Why are Male Butterflies More Likely to Seek Minerals?

Eastern tailed blue photographed at Raccoon Creek State Park, PA

He’s our 2nd post of an Eastern-Tailed  Blue butterfly. Our first post offers a ventral (underside) wing of the wings.

Here the dorsal (upper) wing surface blares the fantastic blue of a fresh, healthy male ETB. Experts use the ‘ETB’ shortcut to identify individuals of this butterfly species.
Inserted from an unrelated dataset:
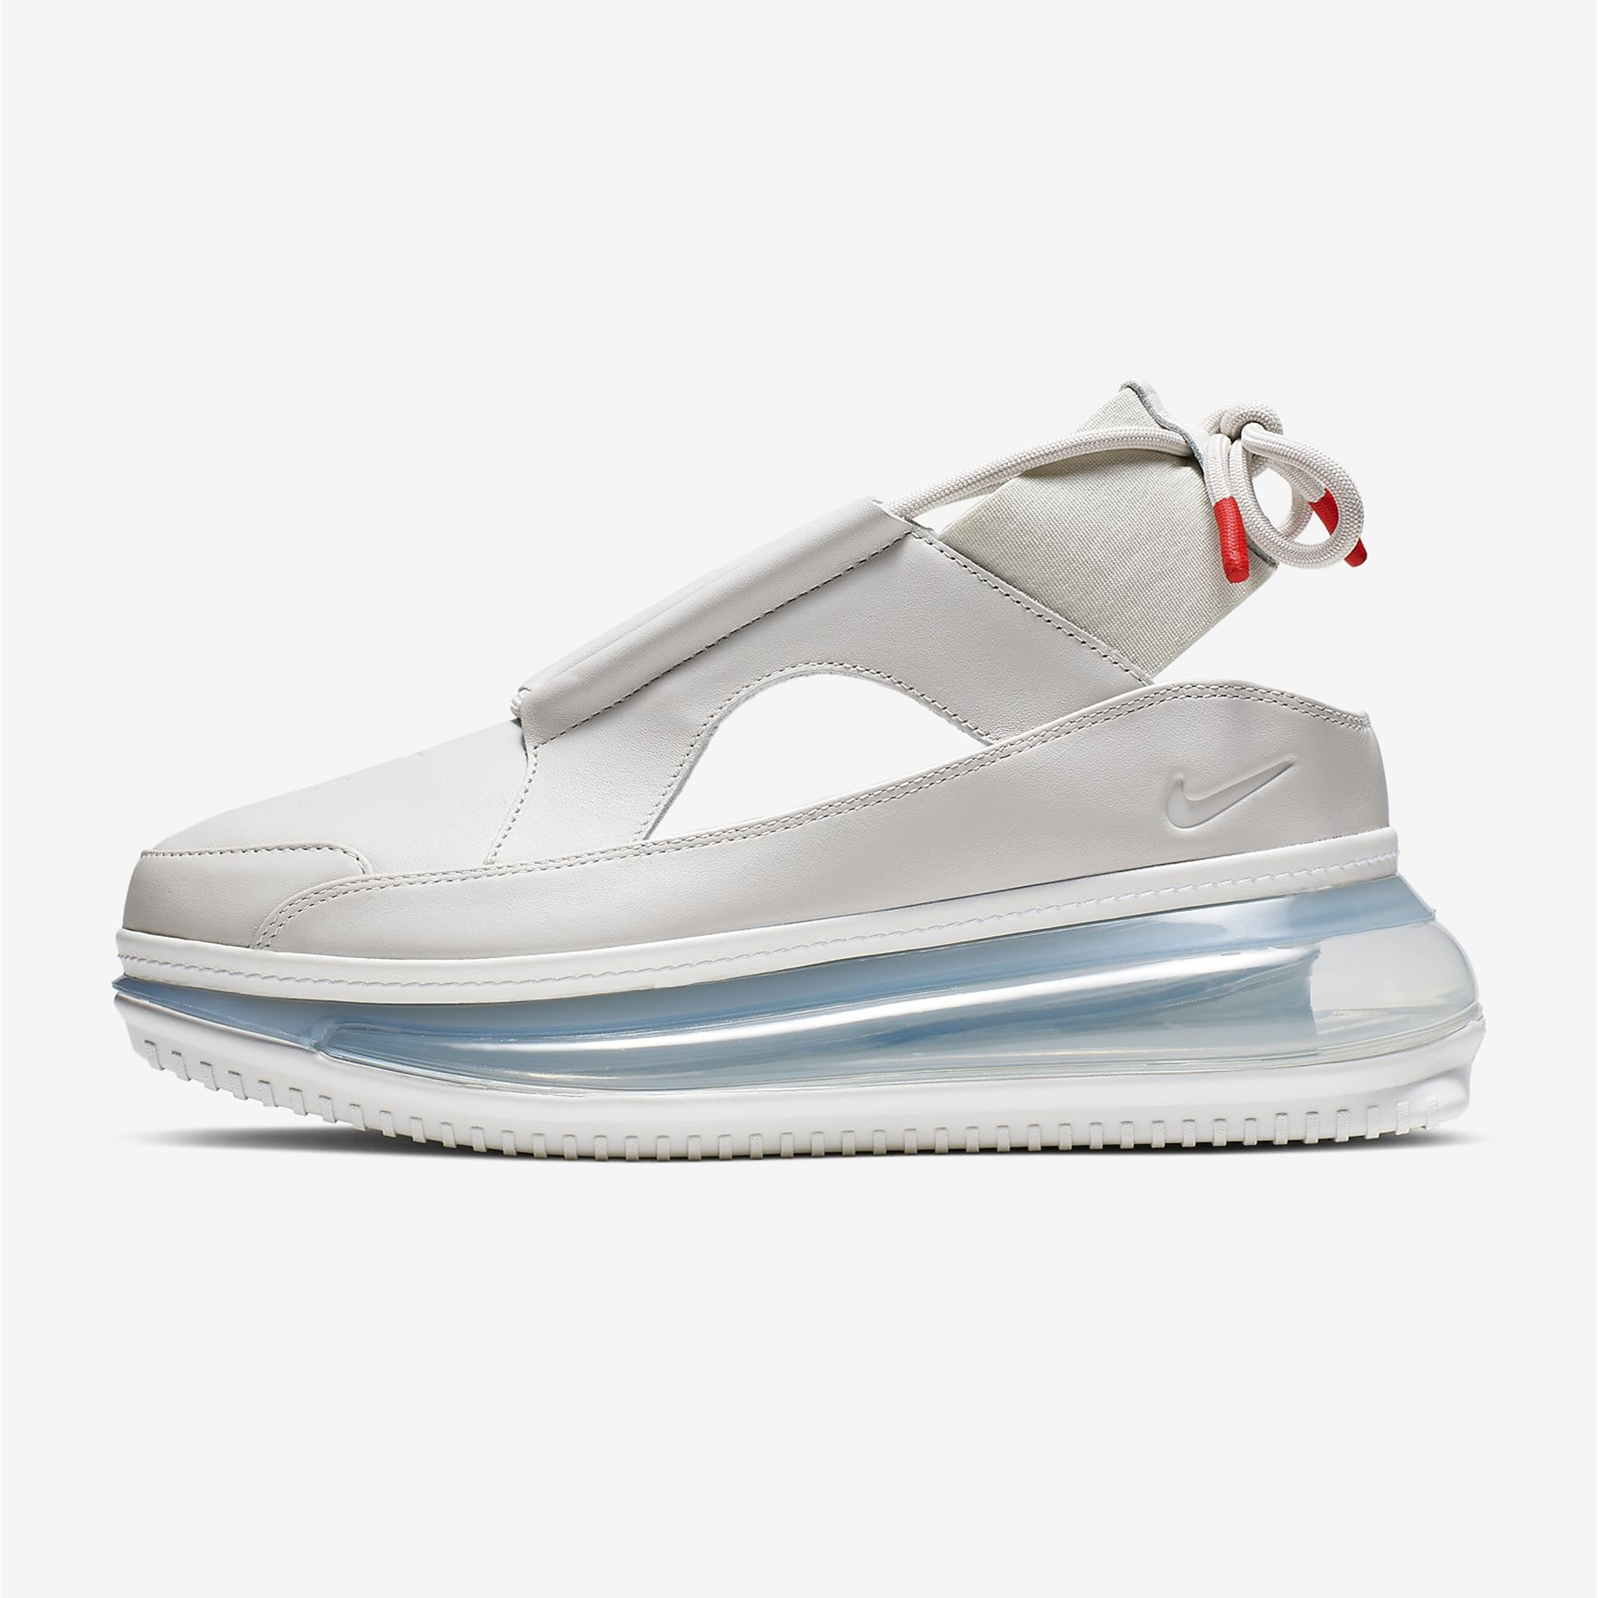 Nike 耐克 Air Max FF 720 女子运动鞋

About in June on a moist trail at Raccoon Creek State Park, he is taking up water and all of those minerals that we learned about on that beloved Periodic Table of Elements. Why are males more likely to be seeking minerals? Because males spend much of their day flying around searching for females. This extended flight time results in a good deal of protein wear and tear and . . . they’ll need fresh mineral caches to synthesize brand-new protein molecules (these elements are part of the make-up of different protein molecules).

Everes comyntas prefer trails and cut and disturbed areas and you’ll see them from April to late September. When disturbed they fly as short distance, close to the ground and set down perhaps 20 feet down trail.

The ladies don’t have blue above. Instead their dorsal wing color is gray.

How large are ETB’s? Tiny, about the width of your thumbnail. But . . . they’re pookies, perky, waif-like and pretty, especially their black and orange/red markings (see our other posting).

Where are they during February? They winter over as (eggs, papa, larva, adults). Which is it?